Why I Chose This Skill


Rationale:
1. Solving roadblocks is a test-taking strategy when
navigating complex Regents-style and NYSESLAT
passages.
2. ELLs struggle the most with the reading and writing
portions of the NYSESLAT and may have less exposure
to academic langauge than their peers.
3. Alignment to class content: Solving roadblocks is a part
of annotating, a skill being practiced in English and
Living Environment.

ESL Standards
1.1 Identify and use reading and listening strategies to
make text comprehensible and meaningful (context clues).
1.16 Apply learning strategies to acquire information and
make texts comprehensible and meaningful.
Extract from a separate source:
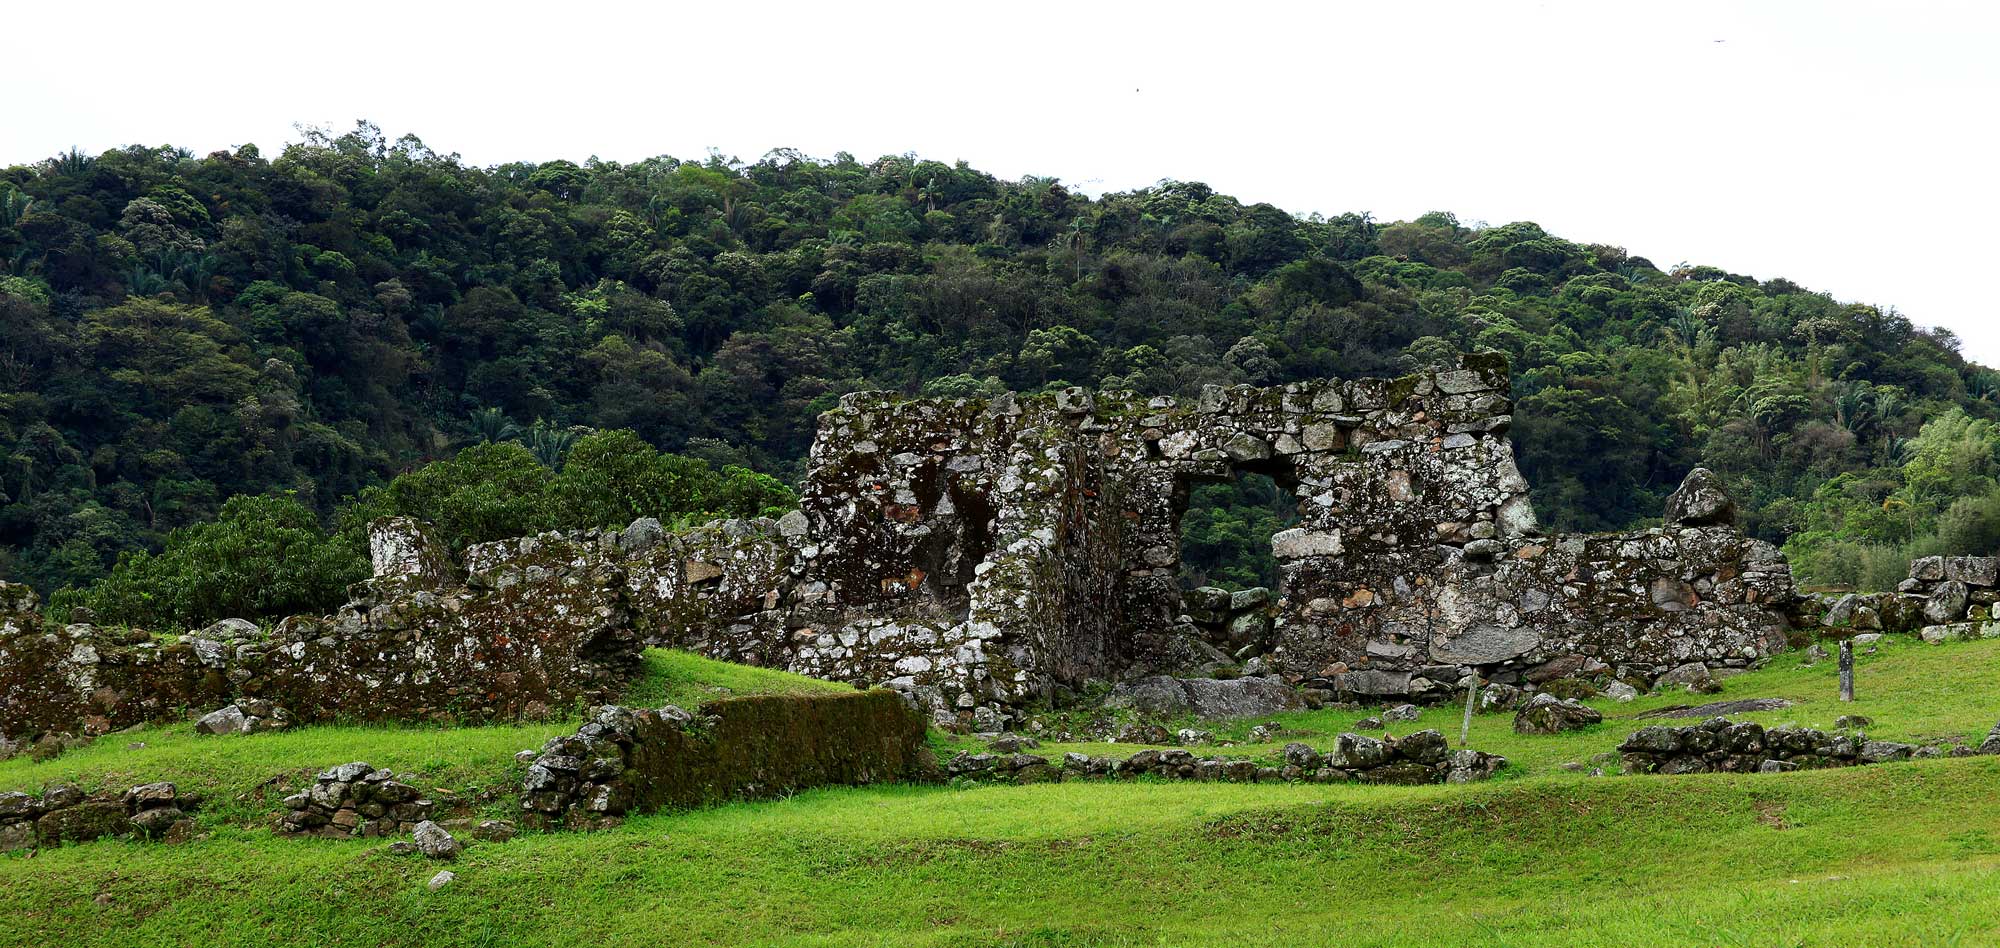 Ruins of a stone sugar mill in Brazil, from a mill first constructed in 1534. The photo shows part of a stone building with a green lawn surrounding it, and a forested hill rising behind it.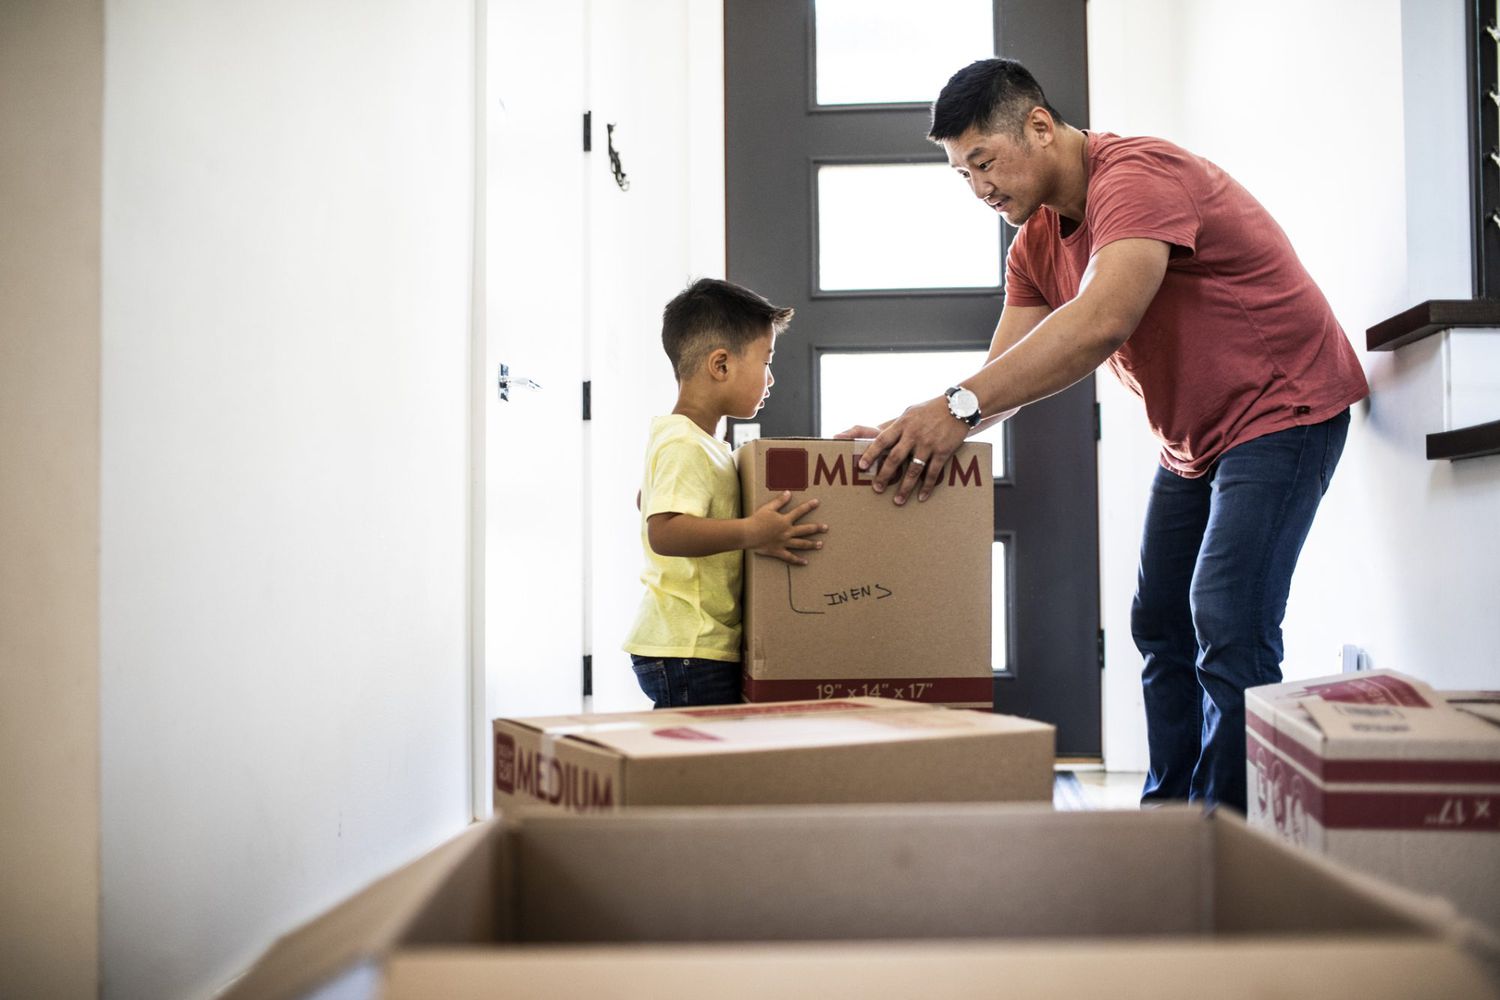 An image of a boy and his dad moving boxes.

Strategies for Solving Roadblocks


Student Strategies:
Reading the sentence(s) before and after the word
Circling clue words
Making connections
Using root words
Using dictionary

Phases of Intervention
Phase I:
Analysis of student work (high, med, low) - formative
assessments in Lit & Comp class
Result: Lack of selection of many/meaningful
roadblocks by low/middle/high students. Many words
circled without solutions. Many paragraphs skipped with no
annotations.
Next Step: Refinement of annotation rubric. Small group.

Phase 2:
Small group work using Flowers for Algernon and group of
ELLs and some Gen Ed students. Students shared
roadblock strategies. Emphasis on effort over accuracy.
Result: Students were selecting more roadblocks and
beginning to solve them through Translator role.
Next Step: Slight refinement of approach (more emphasis
on identification of roadblocks and attempts to solve them
and less focus on accuracy).

Phase 3
Switch to NYSESLAT-style assessments (passages with
NYSESLAT-style questions, including context-clue
questions), along with a reminder to annotate and checklist
at the end of the passage to verify that they did annotate.

Results
Low - identification of roadblocks with more prompting,
some attempt to solve roadblocks and few
NYSESLAT-style questions (50%) answered correctly.
Med - some more identification of roadblocks, few
NYSESLAT-style questions (25%%) answered correctly
High - more annotation and more NYSESLAT-style
questions answered correctly (75%).
*Checklist not checked off completely for each student

Next Steps
Low/Middle
Pull-out for continued practice with this skill and
other elements of annotation (asking questions,
making connections) to further reinforce
vocabulary.
More focus on accuracy of words through word
analysis. Thinking aloud strategies. Previewing
questions.

Next Steps
High
Some pull-out and use of Regents-level texts
and NYSESLAT texts.
Student-led annotation of a NYSESLAT text to
reteach skill to low/middle students.
Emphasis on important/unimportant words.